Partition dataset among workers:

We use PyTorch's DistributedSampler.

trainset = torchvision.datasets.CIFAR10(train=True, ...)
trainsampler = torch.utils.data.distributed.DistributedSampler(
    trainset, num_replicas=hvd.size(), rank=hvd.rank()
)
trainloader = torch.utils.data.DataLoader(
    trainset, batch_size=128, sampler=trainsampler
)

testset = torchvision.datasets.CIFAR10(train=False, ...)
testsampler = torch.utils.data.distributed.DistributedSampler(
    testset, num_replicas=hvd.size(), rank=hvd.rank()
)
testloader = torch.utils.data.DataLoader(
    testset, batch_size=100, sampler=testsampler
)

Wrap the optimizer: Use the hvd.DistributedOptimizer to wrap your optimizer.

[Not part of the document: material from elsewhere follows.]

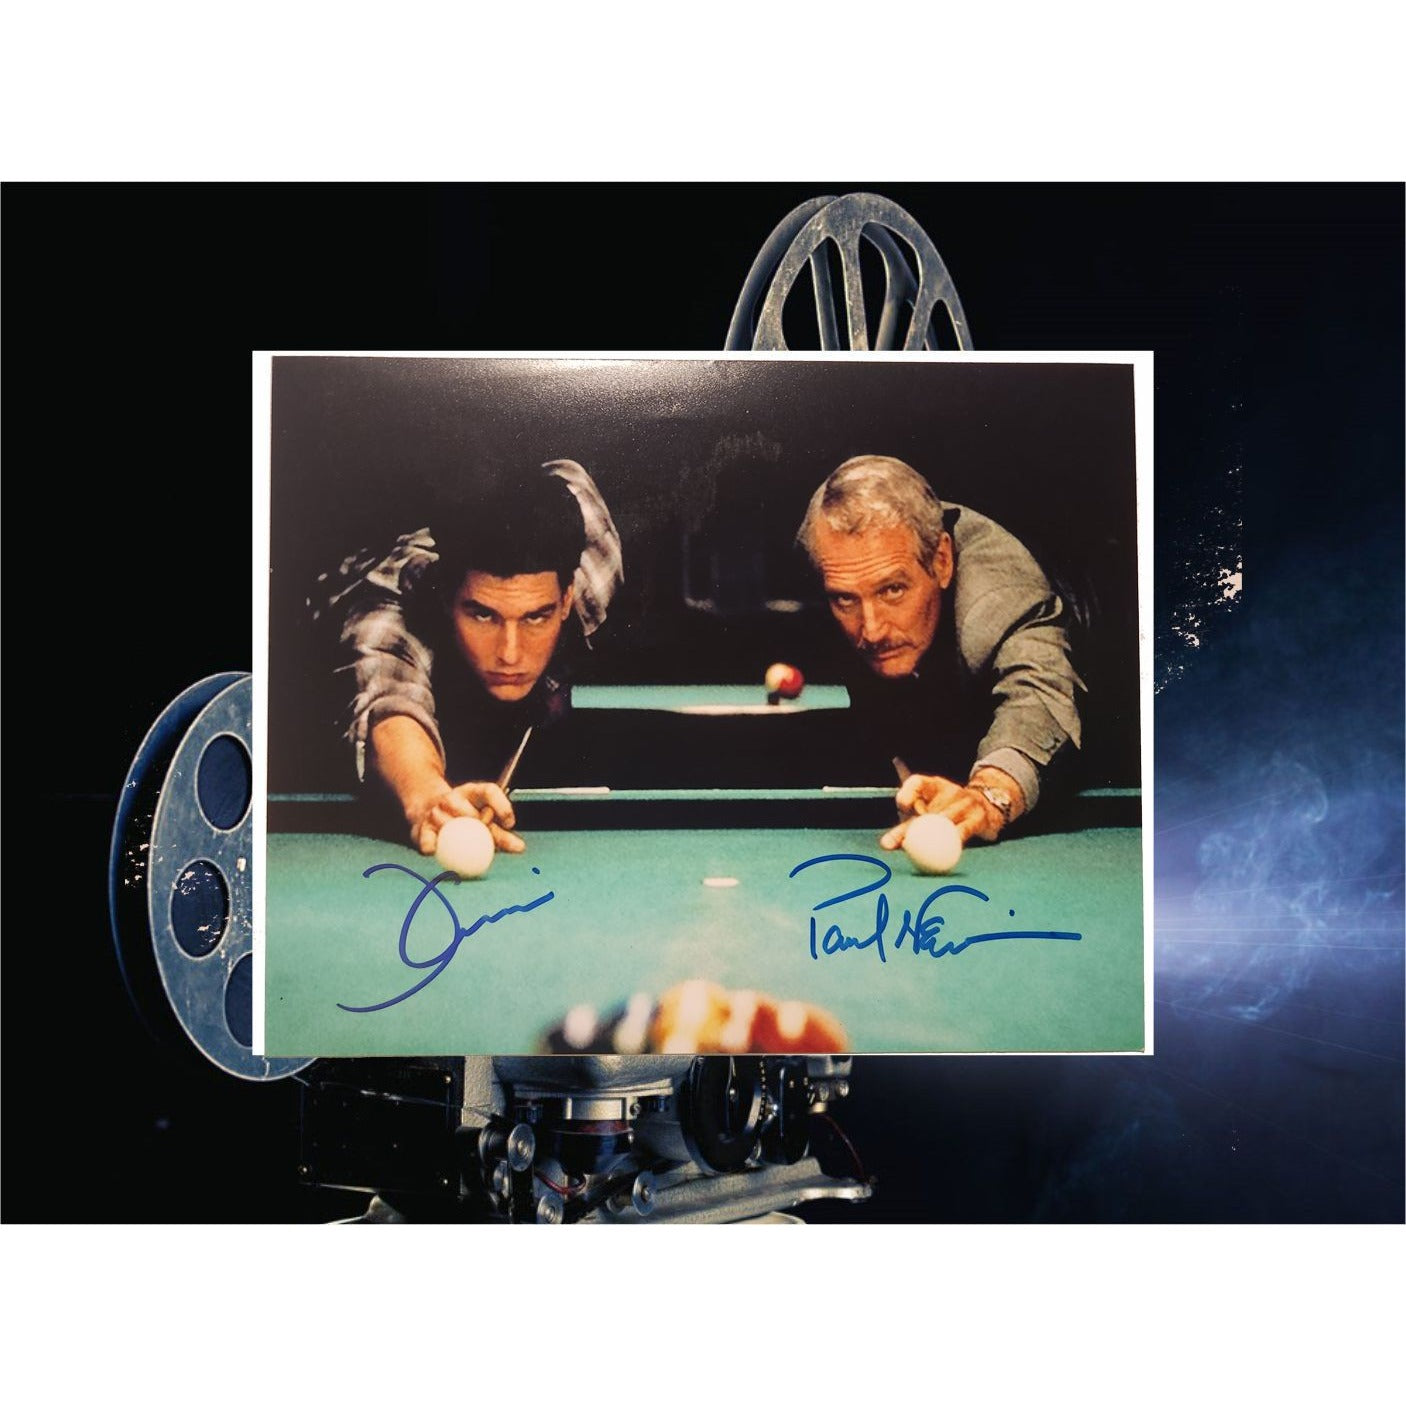 Paul Newman and Tom Cruise The Hustler 8 x 10 photo signed with proof

# The optimizer was the Stochastic Gradient Descent optimizer
optimizer = optim.SGD(model.parameters())
optimizer = hvd.DistributedOptimizer(
   optimizer, named_parameters=model.named_parameters()
)

Broadcast the initial variable states: Ensure all processes are on the same page by broadcasting the initial variable states from rank 0 to all other processes.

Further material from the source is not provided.